# Material for the task:

....

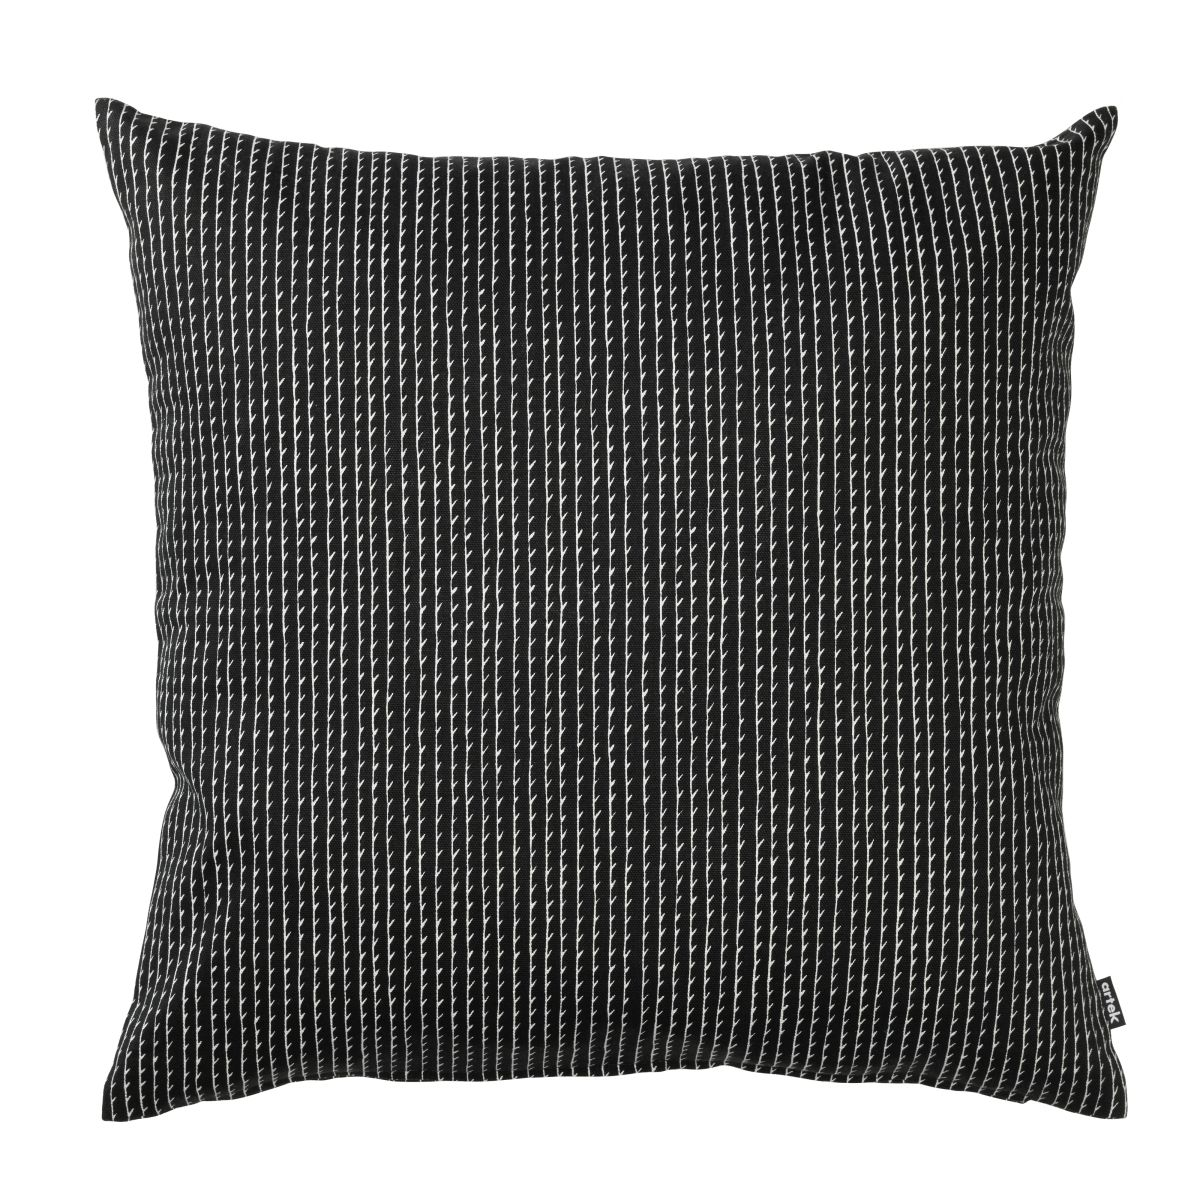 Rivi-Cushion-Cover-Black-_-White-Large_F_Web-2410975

....

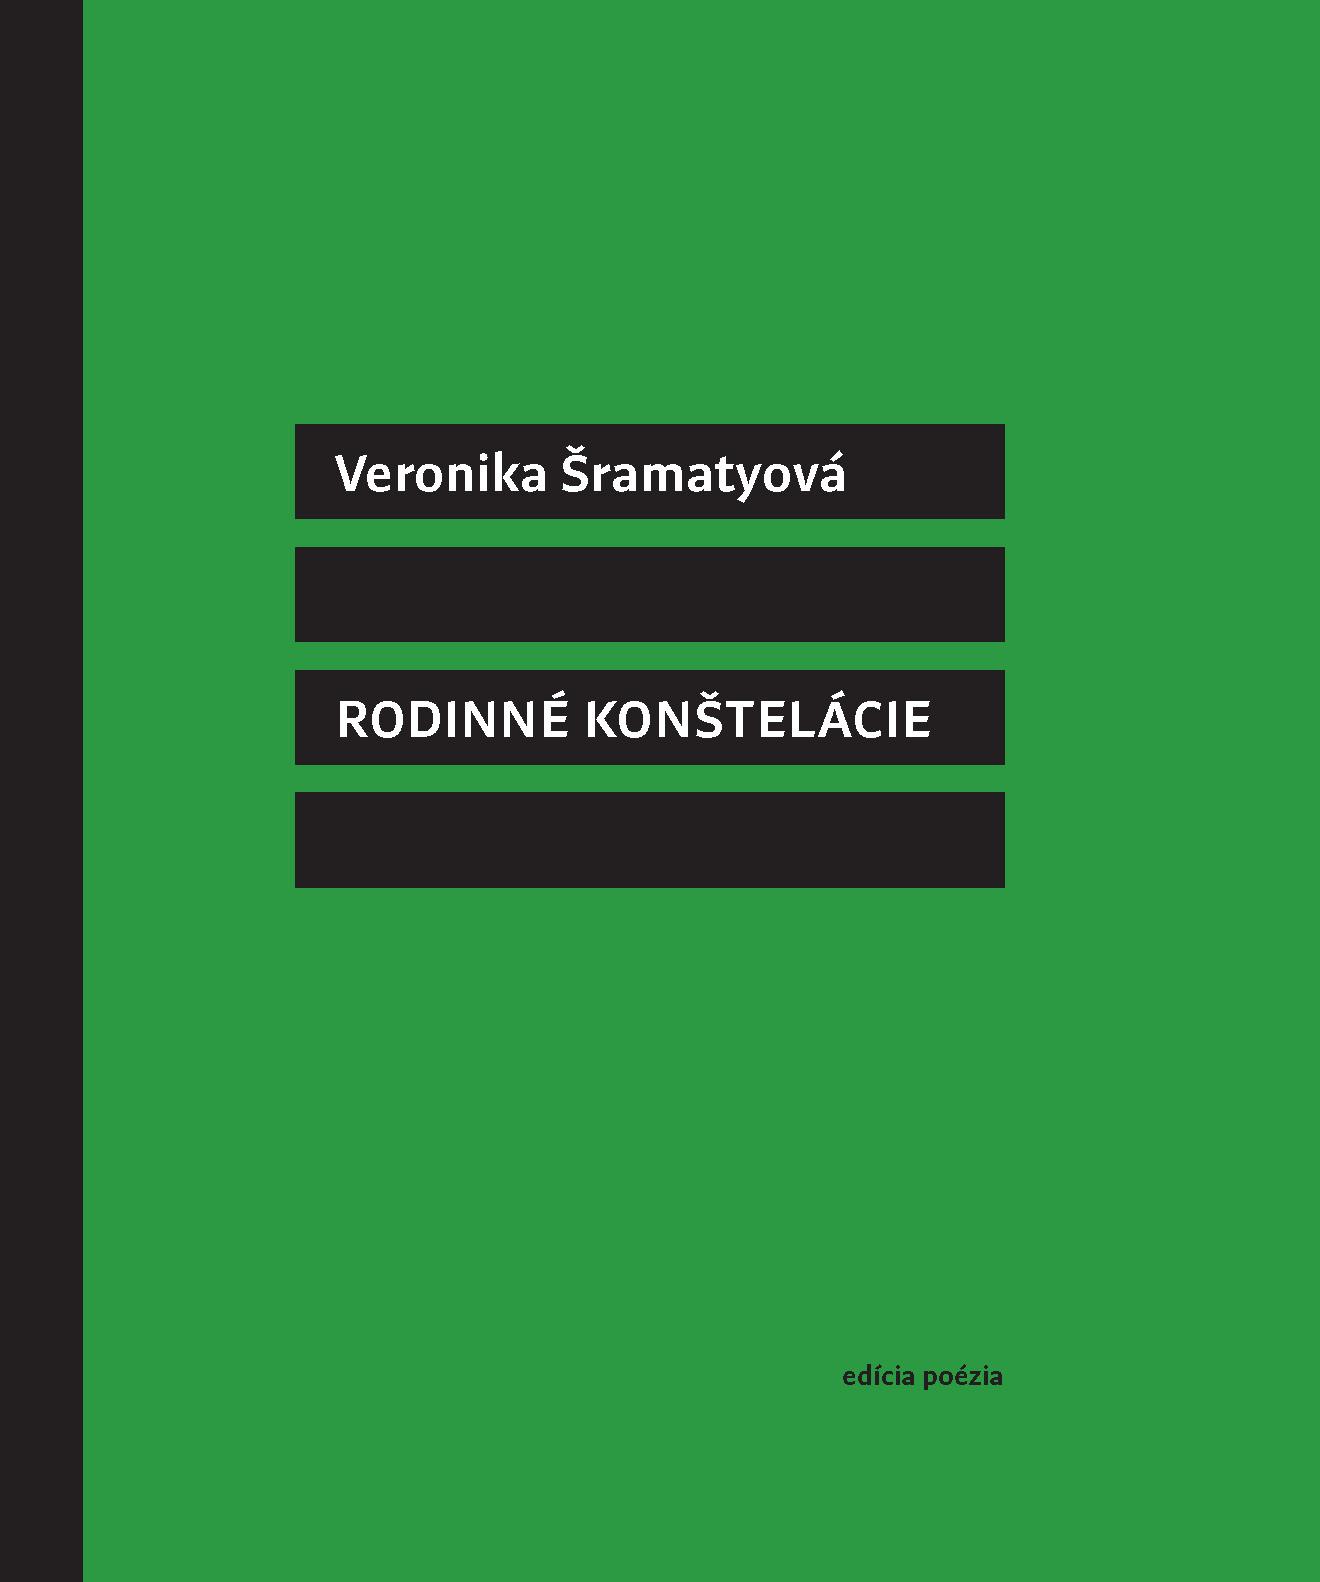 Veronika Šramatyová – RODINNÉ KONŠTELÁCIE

....

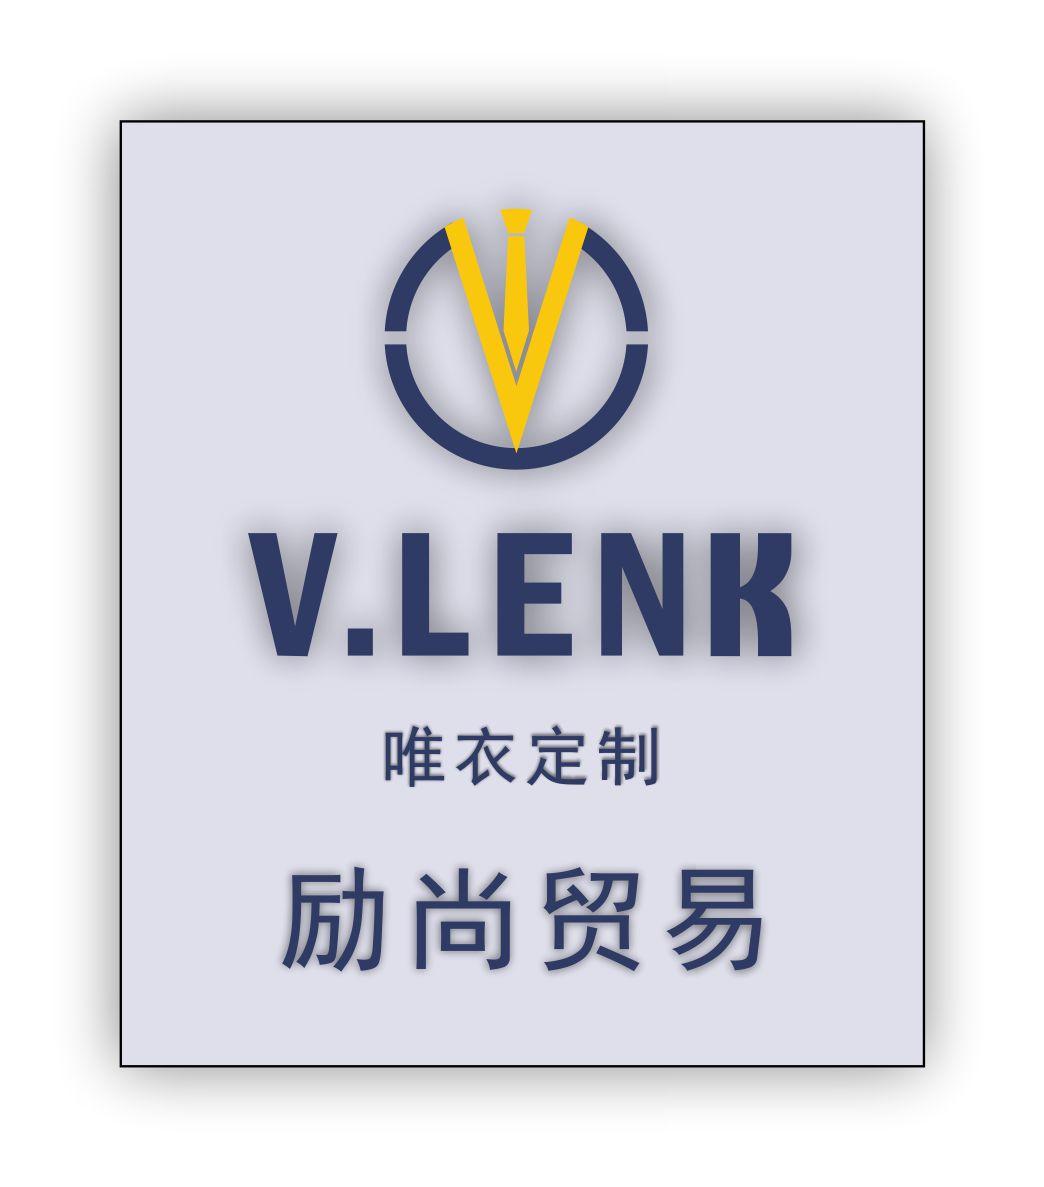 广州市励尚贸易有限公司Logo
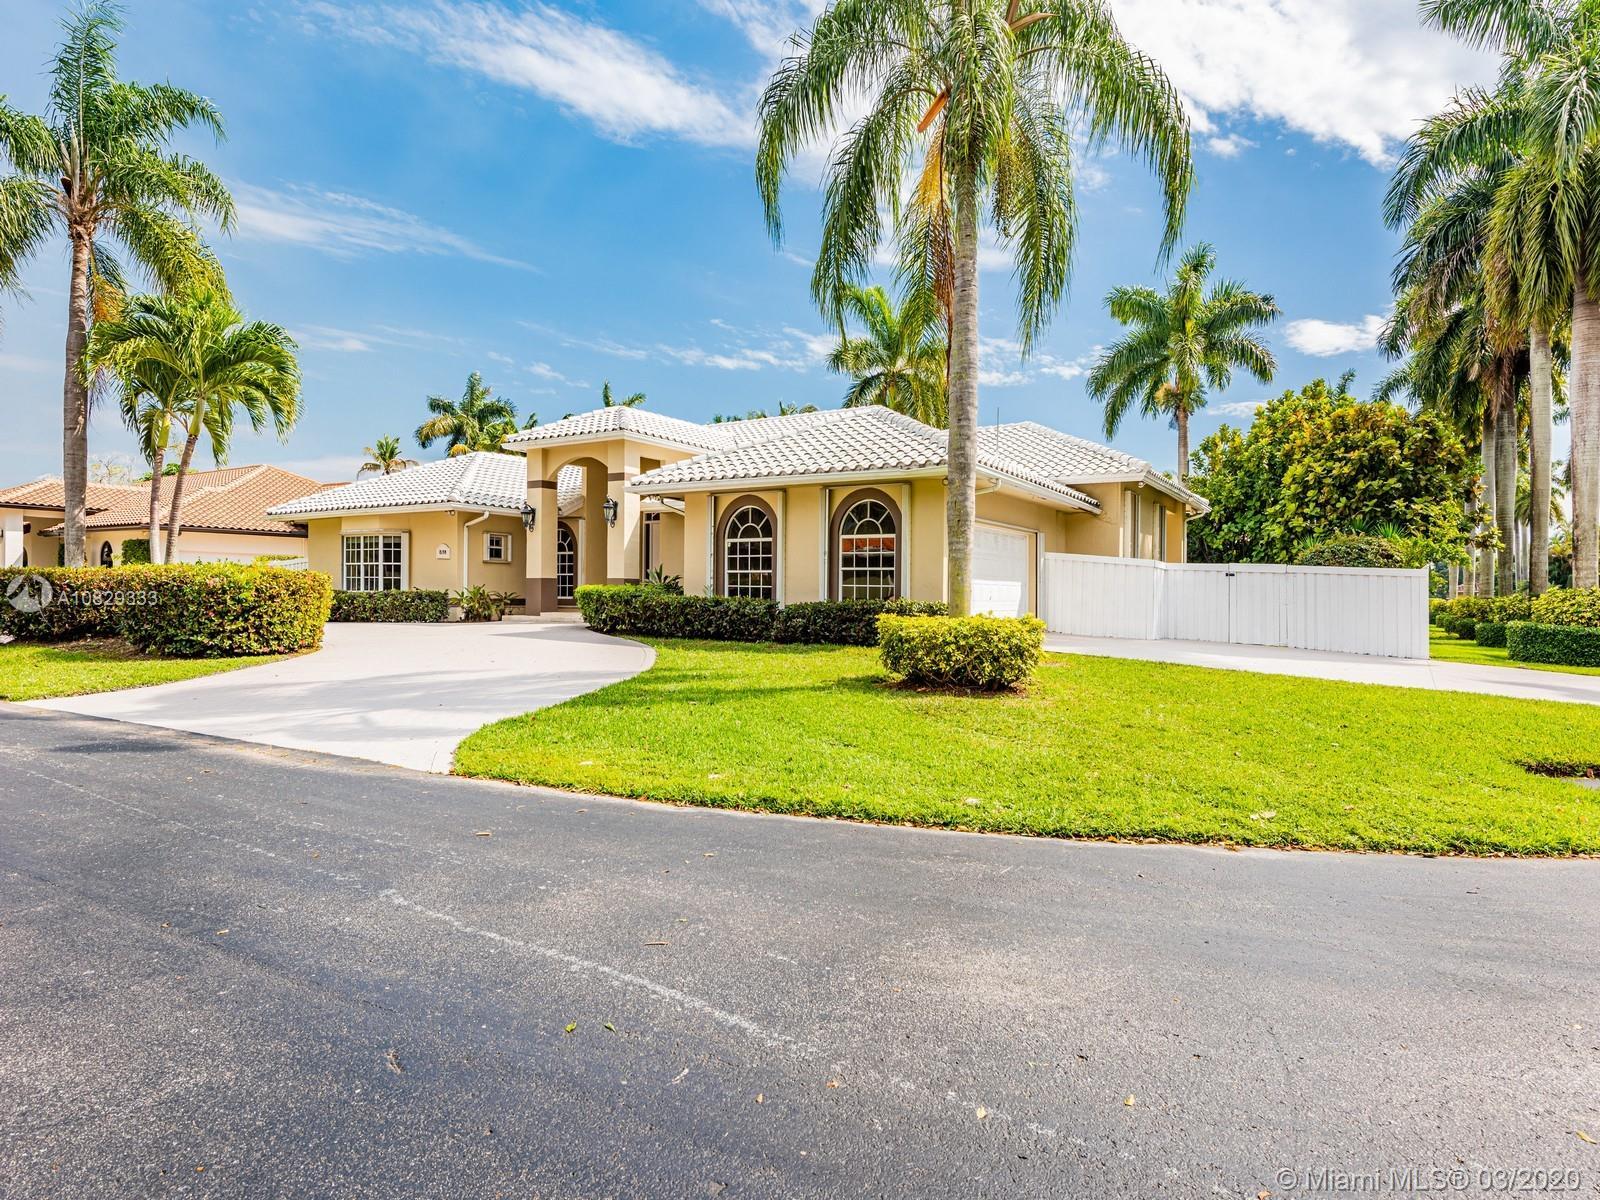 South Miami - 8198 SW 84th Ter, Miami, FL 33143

....

# Task instructions:
With the pictures removed, print only the lines starting at the line that has "广州市励尚贸易有限公司Logo" and ending at the line that has "South Miami - 8198", both ends included, exactly as they stand above.

# Solved exercise:
 广州市励尚贸易有限公司Logo
 South Miami - 8198 SW 84th Ter, Miami, FL 33143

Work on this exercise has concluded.